#### How to complete this task
In your copy, leave out the pictures and reproduce the listing below exactly.

#### Source material

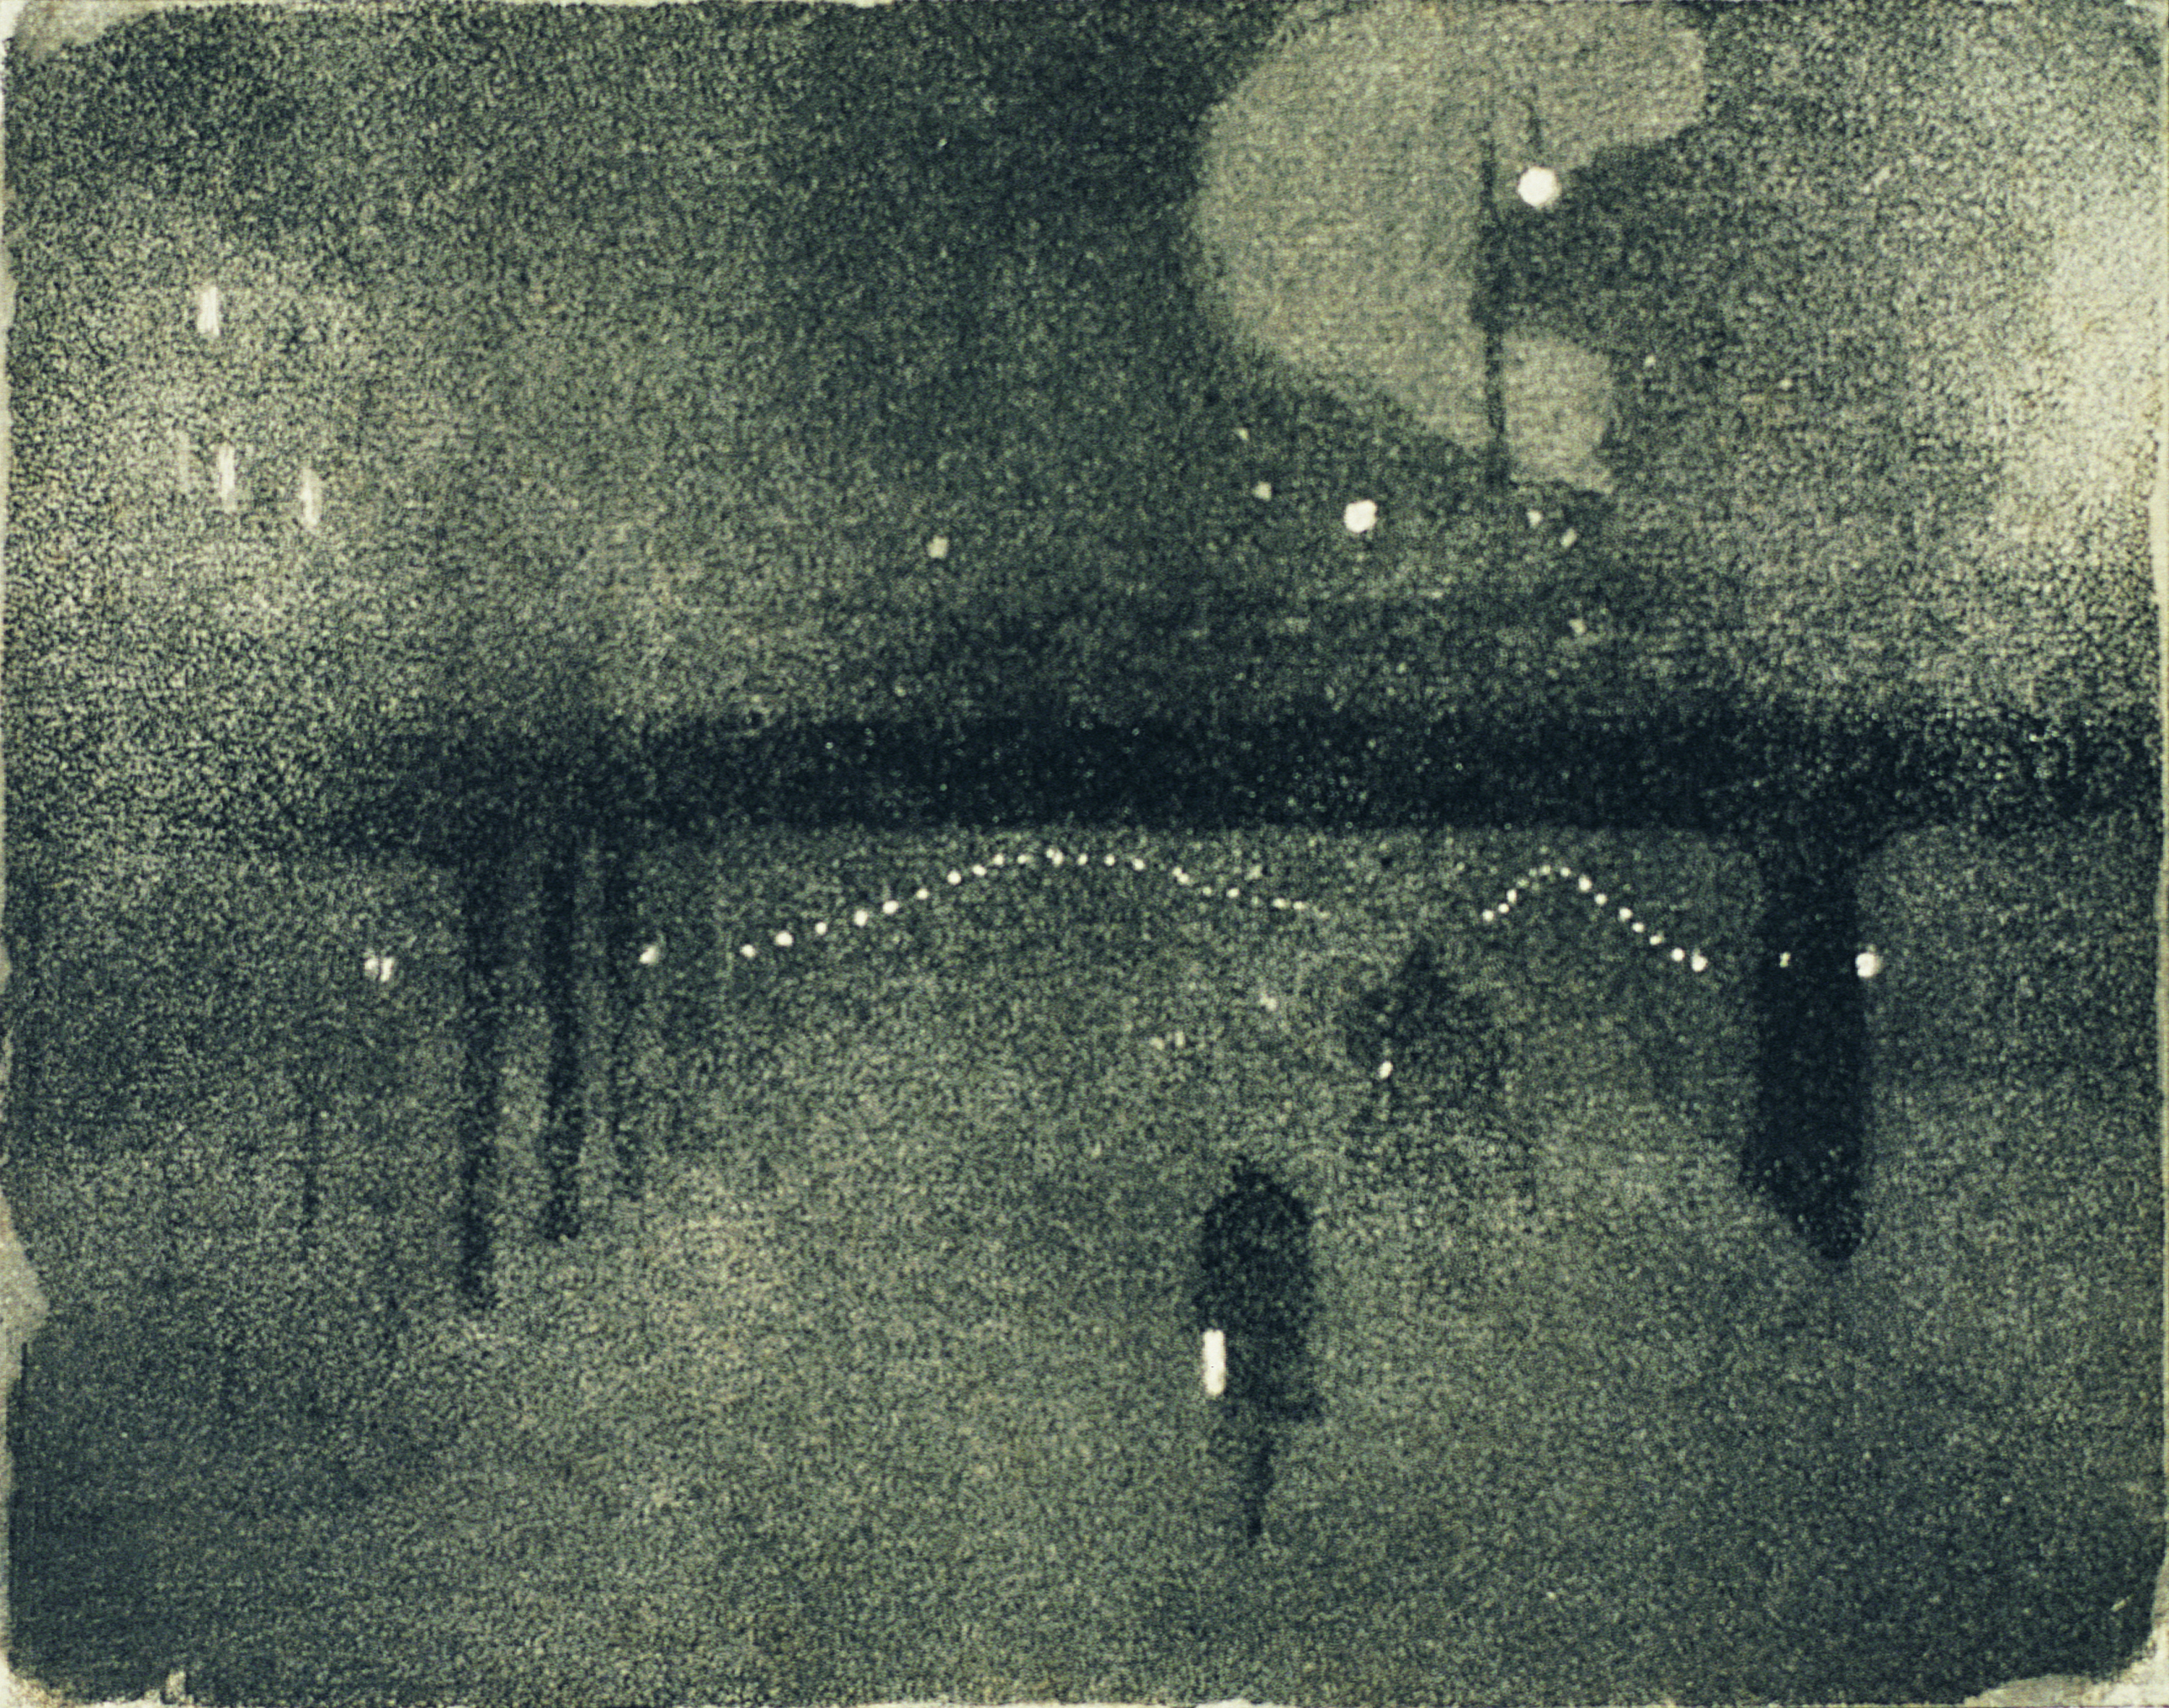 Jessie TRAILL, Avenue du Maine 1908, aquatint. QUT Art Collection. Gift of Robert Gibson under the Cultural Gifts Program, 2000
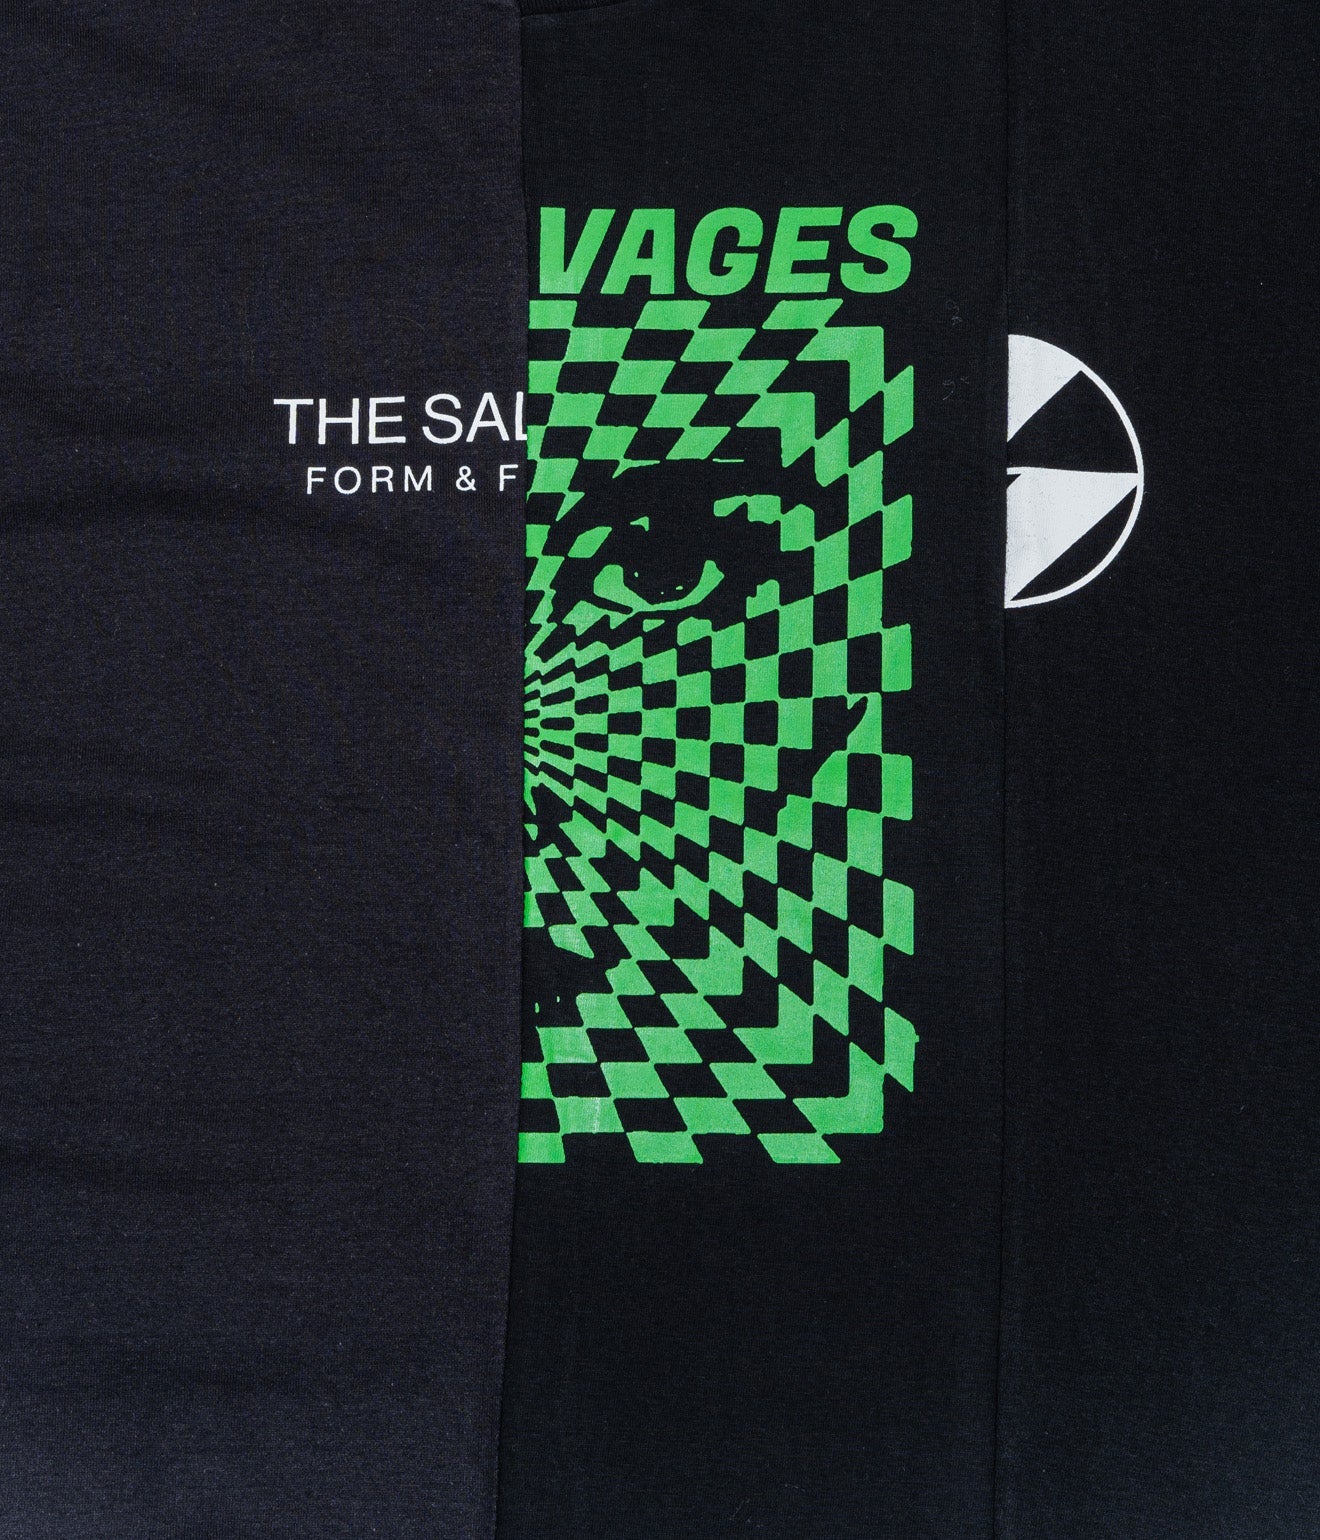 THE SALVAGES "SS23 RECONSTRUCTED T-SHIRT" Black - WEAREALLANIMALS
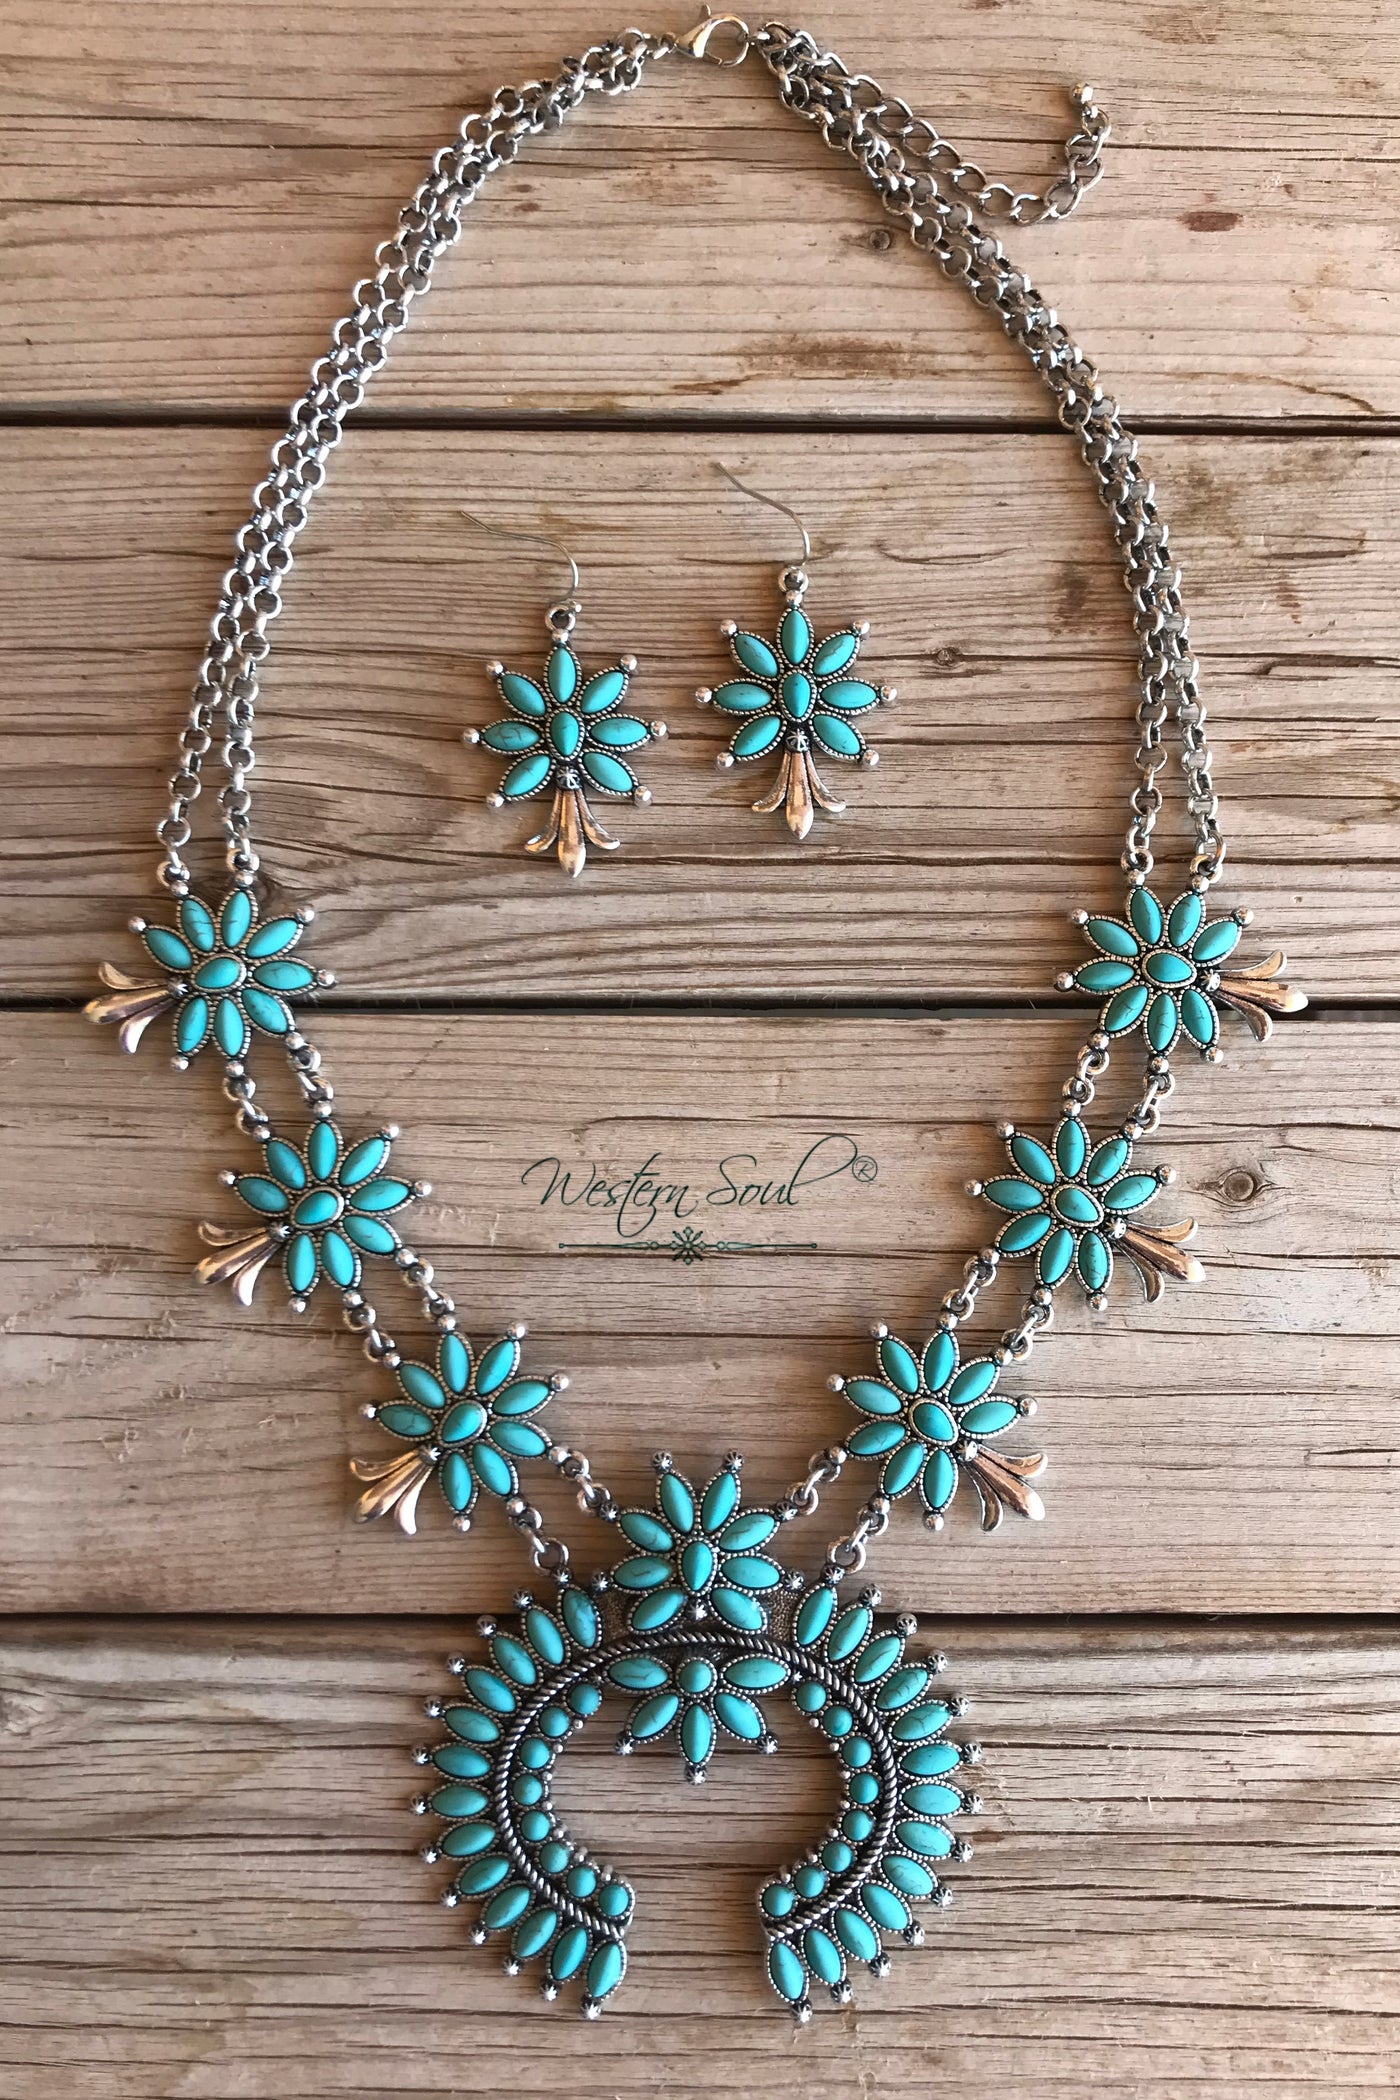 Western Necklace  Kaycee Squash Blossom Necklace Set from Blue Tortoise

#### Exercise response
 Jessie TRAILL, Avenue du Maine 1908, aquatint. QUT Art Collection. Gift of Robert Gibson under the Cultural Gifts Program, 2000
 THE SALVAGES "SS23 RECONSTRUCTED T-SHIRT" Black - WEAREALLANIMALS
 Western Necklace  Kaycee Squash Blossom Necklace Set from Blue Tortoise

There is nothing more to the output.